Invitant "tous les acteurs et actrices de Sciences Po qui le souhaiteront" à le rencontrer, il a ajouté s'"inscrire résolument et durablement avec tous et toutes dans cette démarche d’écoute et de dialogue".

Devant l'entrée du principal bâtiment de Sciences Po au 27 rue Saint Guillaume dans le VIIe arrondissement, poubelles, barrières, vélos et palettes ont été entassés par une trentaine d'étudiants présents, a constaté l'AFP.

Sur les murs du bâtiment, des affiches sur lesquelles on pouvait lire "Vicherat démission" ont été collées. Sur une banderole était inscrit : "Professeurs protégés, victimes délaissées", ou encore "Sciences Po, paradis de l'impunité".
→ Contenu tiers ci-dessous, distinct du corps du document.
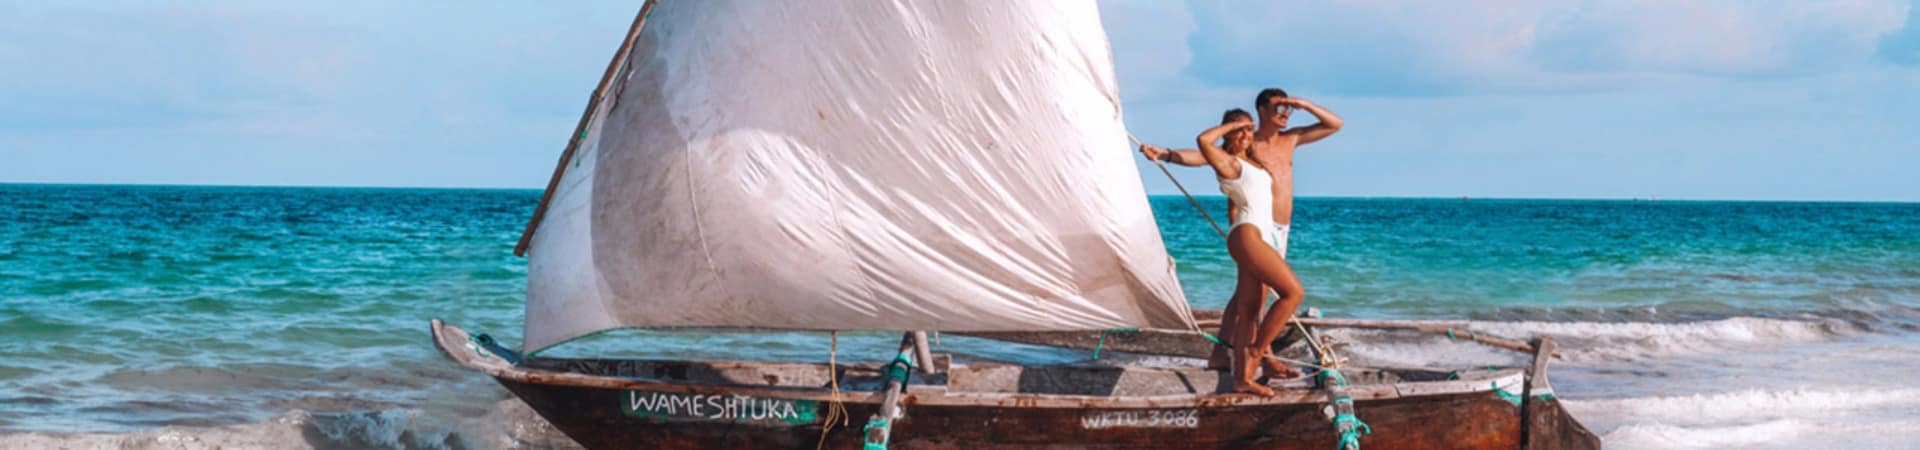 Zanzibar white sand luxury villas barco

"On est ici pour protester contre la fin de la période de retrait du directeur qui n'aura duré que le temps des vacances", a regretté Inês Fontenelle, de l'Union étudiante.

Mathias Vicherat et son ex-compagne Anissa Bonnefont, qui s'accusaient réciproquement de violences conjugales, ont été placés en garde à vue le 3 décembre avant d'être remis en liberté le lendemain. Une enquête préliminaire a été ordonnée par le parquet de Paris. Le directeur avait proposé de se mettre en retrait le 11 décembre.

Les étudiants effectuaient lundi leur rentrée après une période d'examens et de vacances.

"On espère que Mathias Vicherat prendra ses responsabilités et démissionnera afin de restaurer un climat de confiance avec les étudiants qui est rompu", a ajouté l'étudiante.

Un peu plus loin, une étudiante en Master recherche en sociologie, qui n'a pas souhaité donner son identité, estime que "ce retour est une insulte aux victimes de violences sexistes et sexuelles, au personnel de Sciences Po et à sa communauté étudiante".

Peu après son arrivée à la tête de Sciences Po fin 2021, son directeur avait décrété comme "priorité absolue" la lutte contre ces violences.

Un conseil de l'institut exceptionnel est prévu mardi midi, ainsi qu'un conseil d'administration exceptionnel mercredi après-midi, selon des sources concordantes.